Power transfer devices (PTDs) such as chains and belts are utilized in a multitude of machines. Typically, PTDs are separated into types based upon the type of impact encountered during operation. For example, belt and chain conveyors with relative small load fluctuation, centrifugal blowers, and the like generally fall into a smooth impact category. In contrast, presses, construction and mining machines, vibrating machines and the like fall into a high impact category. Between these categories, engines and other general machines are typically classified in a moderate impact category. To facilitate proper operation, these PTDs, are installed under a relatively precise amount of tension. In addition, the tension of the PTD is typically monitored periodically to facilitate continued proper operation and increase the longevity of the machine. The amount of tension varies according to the type of impact and load anticipated. In general, an insufficiently tensioned PTD is prone to slippage, excessive vibration, chain slap, and the like. While excessive tension may lead to accelerated bearing failure and breakage.

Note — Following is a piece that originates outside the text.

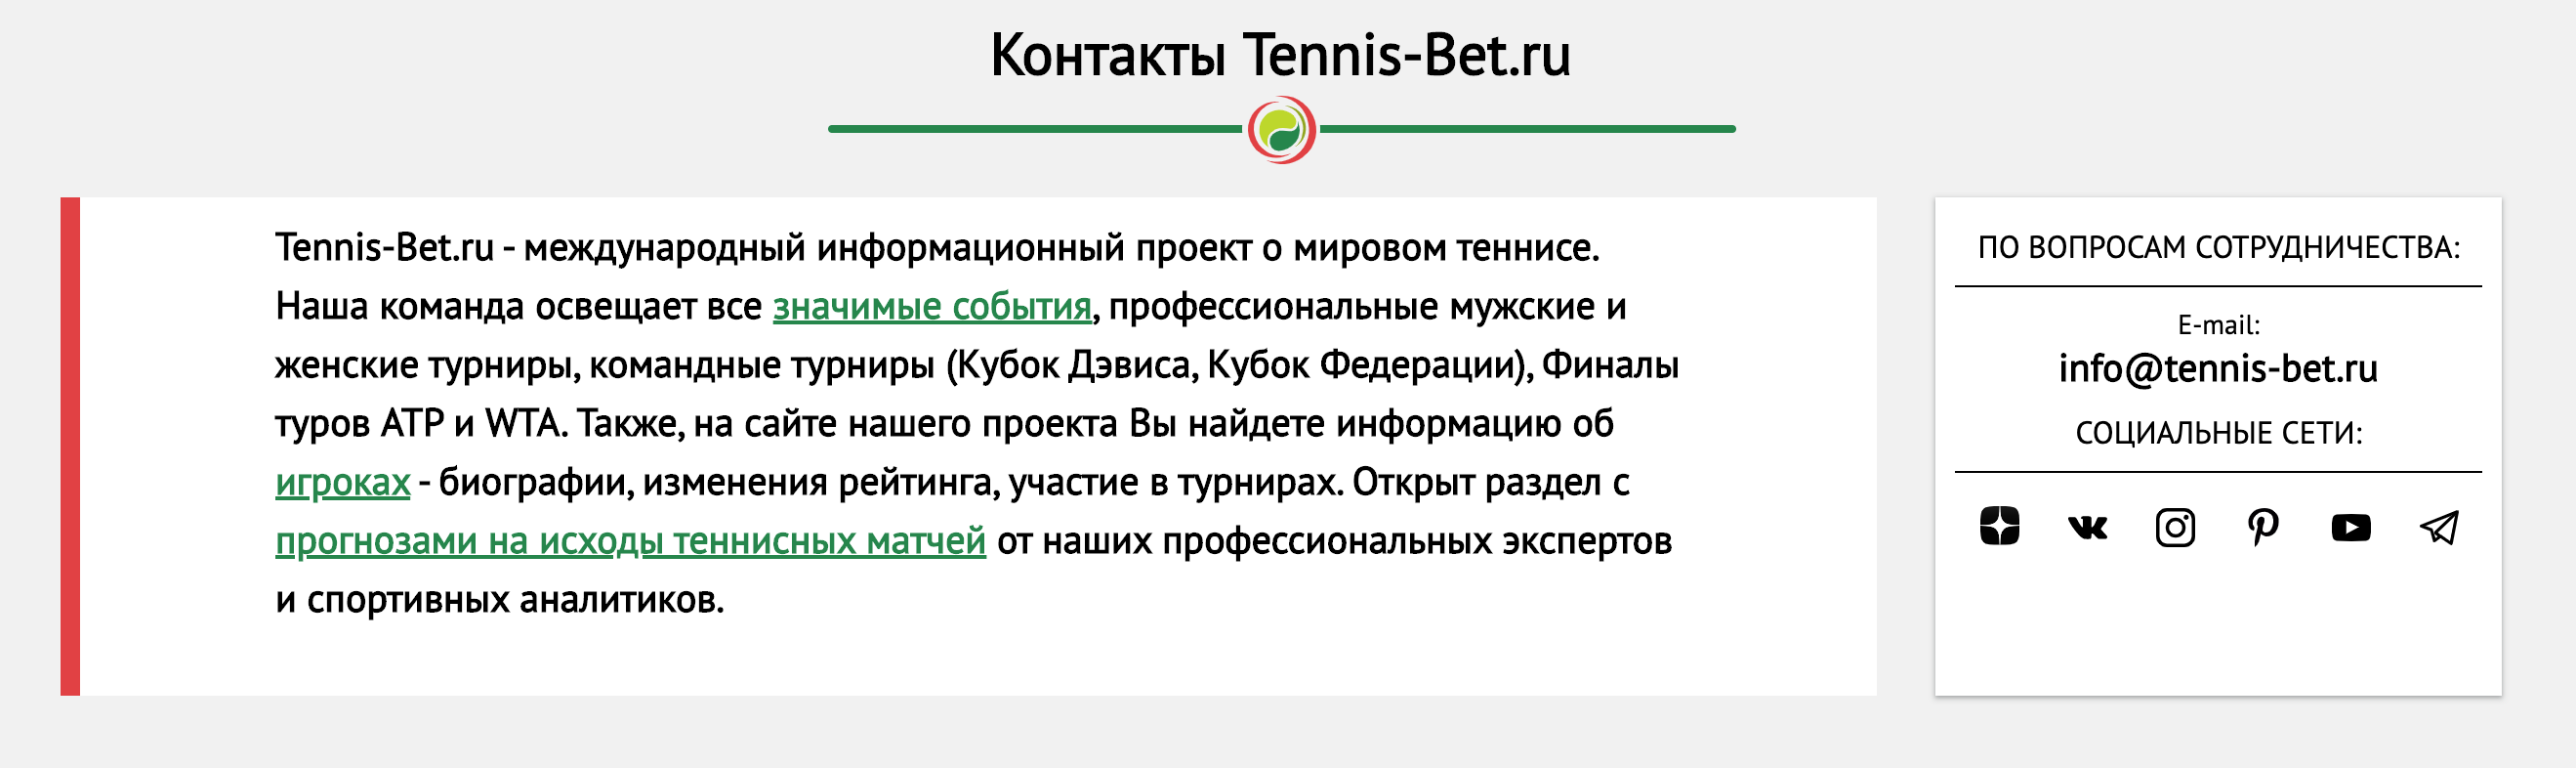 Контакты Tennis-bet.ru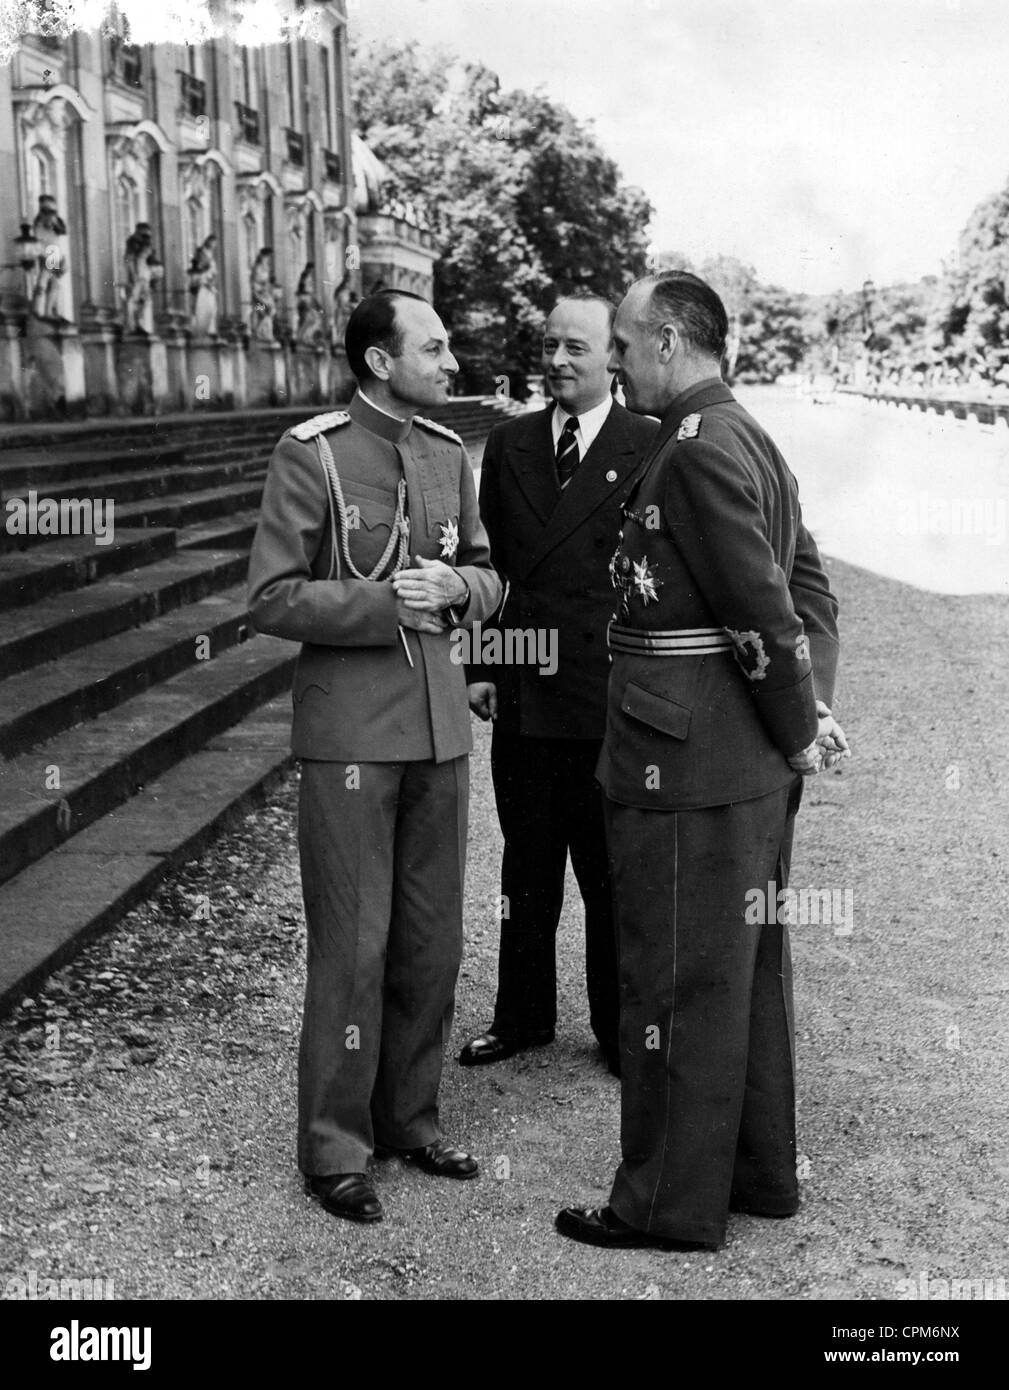 Prince Regent Paul of Yugoslavia with Prince Philipp von Hessen and Joachim von Ribbentrop, 1939 Stock Photo

It can be important that PTDs are tensioned to a high degree of precision in some circumstances, for example, in relatively high technology applications, such as some in the aerospace industry. In this regard, conventional manners of measuring PTD tension generally involve a human operator with a spring gauge and a machinist ruler. The spring gauge is utilized to load the PTD a precise amount while the ruler or calipers are utilized to measure deflection of the PTD. However, mechanical areas of airframes are often quite cramped, making these measurements difficult and time consuming. In addition, without precise reference points from which to make these measurements, reproducibility is difficult to achieve.
Accordingly, it is desirable to provide a method and apparatus capable of tension measurement that overcomes the disadvantages described herein at least to some extent.